Long before Harry Potter received an ‘invisibility cloak’ for a Christmas present from Professor Dumbledore, India had its very own camouflage technology all thought through – even if it was only on the big screen in a superhit movie called Mr India.
Cut to three decades later, and camouflage couldn’t be more in demand along our borders, where stealth technology, also termed “low–observable” technology, has made a huge difference in this age of modern warfare.
New Delhi-based HyperStealth Technologies, a YourStory Tech50 2021 startup, is one of those rare startups specialising in the defence sector – manufacturing stealth management solutions for camouflage and concealment. Its disruptive technology provides stealth features against the entire range of modern warfare sensors. In an exclusive conversation, Founder Manish Dalmia, tells us all about their products’ adaptability to the surroundings and how it all began.
Being invisible to enemy radar is a good thing, and according to Manish – the unseen is unbeaten. “We used to travel a lot for defence exhibitions outside the country and we used to see that this particular technology or product, only one or two companies in the world were dealing with it despite India being one of the biggest manufacturers of textiles.”
“Previously, camouflage in war was understood to be through bushes because it was all about visual camouflage. But as technology developed, modern warfare ceased to be only about visuals – it’s about sensors now. These days, adversities in war are detected through sensors. And that is a big challenge for everyone.”
To beat this challenge, HyperStealth specialises in developing, designing, and manufacturing advanced solutions such as multi-spectral camouflage net, sniper suits and tents, adaptive thermal signature, radar-absorbing paints, etc.
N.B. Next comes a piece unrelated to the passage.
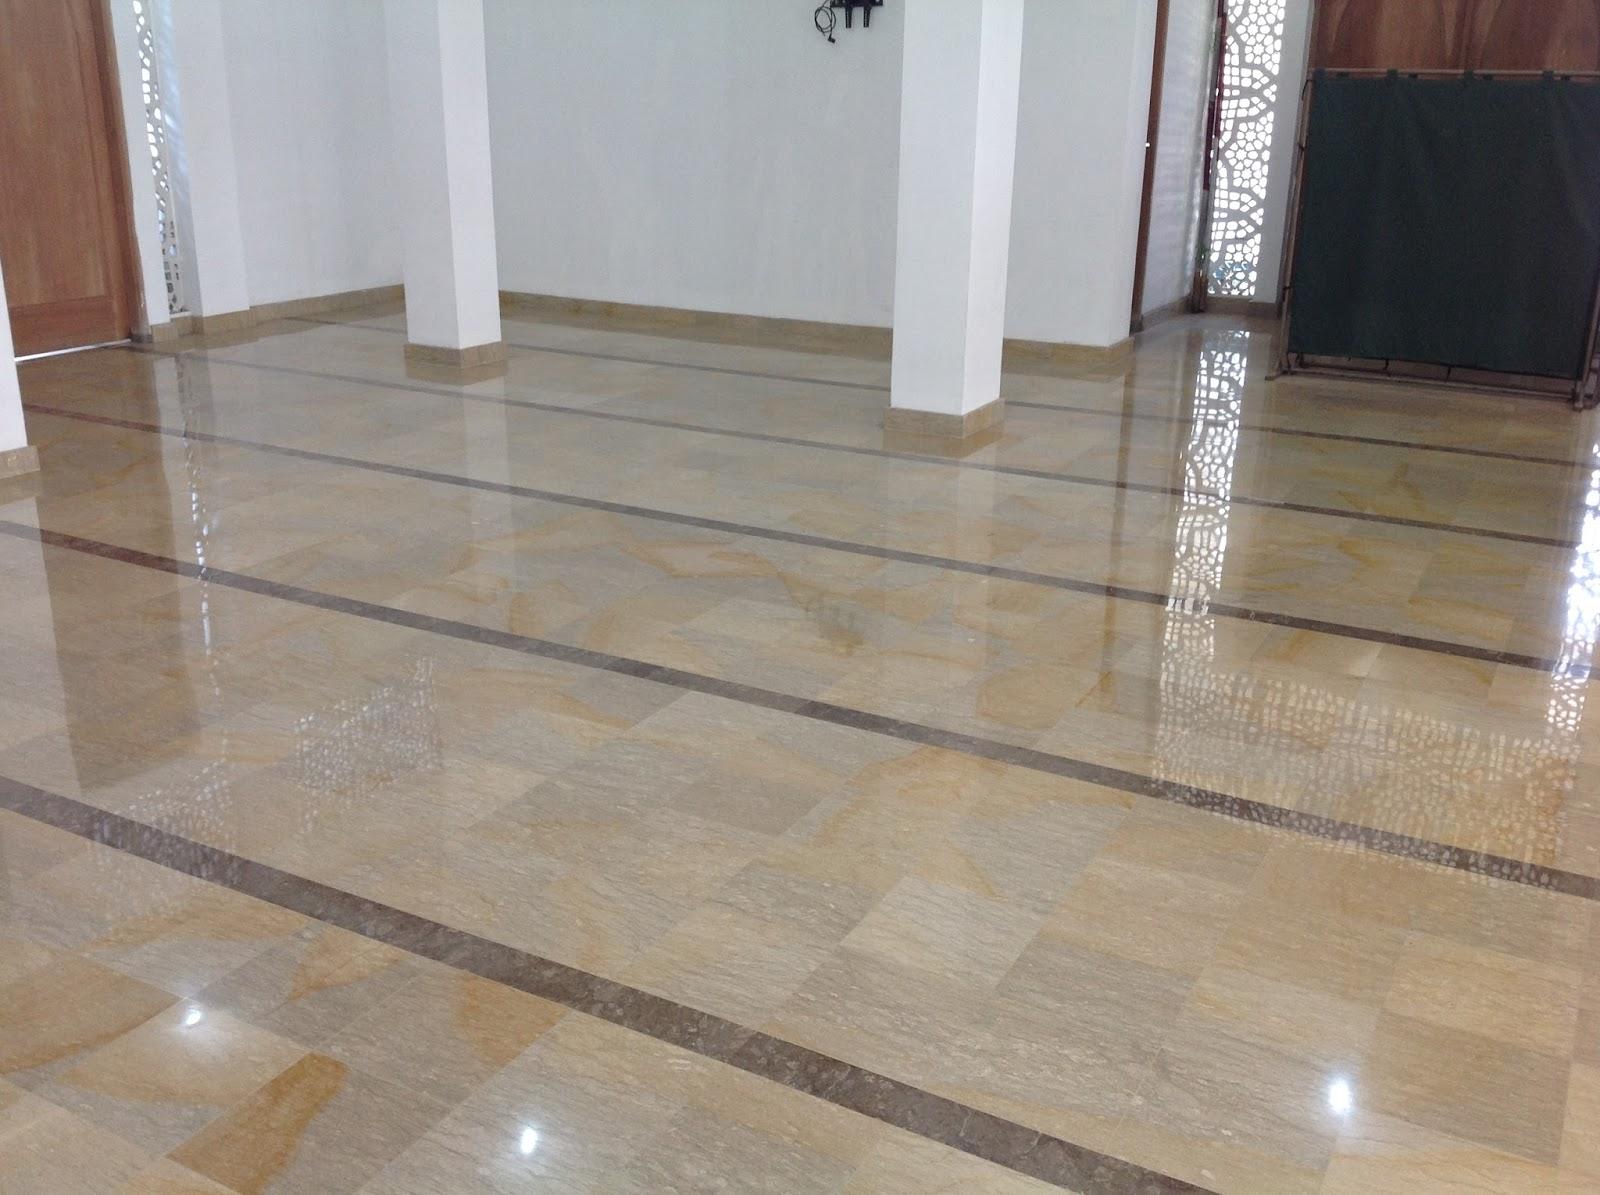 Harga Marmer Per M2 Statuario Classico Marble Granite

The camouflage nets are draped on tanks, guns, artillery and other assets so it does not let the enemy side detect the same through sensors. “The nets take care of IR (Infrared) signatures, thermal signatures and radar signatures,” explains Manish.
Conquering entry barriers
The startup’s biggest clients are the Ministry of Defence (MoD) and public sector companies dealing in defence assets like missiles.
It took over six years for Manish and his co-founders Ranu Pathak and Deepak Bhalla to get where they are now – selling their products directly to the special forces in India.
“We did many trials, field trials, especially at the Leh border and in different commands in India. We recently even trialled our sniper suits, and they were successful in making our sharpshooters invisible to the enemy,” exclaims Manish.
Earlier this year, HyperStealth bagged the ‘Innovation for Defence Excellence’ (iDEX) startup challenge award for ‘Adaptive Stealth Coating Solutions.’ The iDEX initiative was launched by Prime Minister Modi in April 2018.
The initiative aims to achieve self-reliance and foster innovation and technology development in Defence and Aerospace by engaging Industries including MSMEs (micro, small and medium enterprises), startups, individual innovators, R&D (research and development) institutes and academia. iDEX has partnered with leading incubators in the country to provide hand holding, technical support and guidance to the winners of its challenges.
“For obvious reasons, the defence sector is such a closed area. The real challenge for us was in field trials, and executing it as we are completely bootstrapped. And all these trials happen without payment – no cost, no commitment,” laughs Manish.
That said, the gamble has paid off for his team as HyperStealth has also received certification from the National Aerospace Laboratories (NAL), Bengaluru. Manish is also quick to appreciate the iDEX initiative. “It’s getting better for startups. All praises for the MoD, people like Sanjay Jaju (Additional Secretary – Defence Production) and Ajay Kumar (Defence Secretary), they are all pushing this culture and it’s great for India. India has brains, just needs hand holding,” says an emphatic Manish.
HyperStealth has a manufacturing setup in Delhi, with an R&D centre there as well. Some portions of the fabric for the nets are outsourced to textile mills, “and we get it made as per our specification with approved vendors only,” explains Manish.
The biggest challenge the startup is facing now, as it grows, is funding. With five clients on board, there are plenty of projects in the pipeline, and an urgent need for a bigger team. “The biggest problem is that – and I have spoken to a lot of VCs – without a big order, they just don’t fund. Unlike with internet startups and others that work on ideas and get funded, with defence startups, VCs want to see an order first. That needs to change,” says Manish.
In the next three years, the startup aims to touch Rs 100 crore in revenue as it grows. Presently monopolised by one or two major players globally, in the next five years, HyperStealth also wants to be a key player in the global stealth and camouflage market.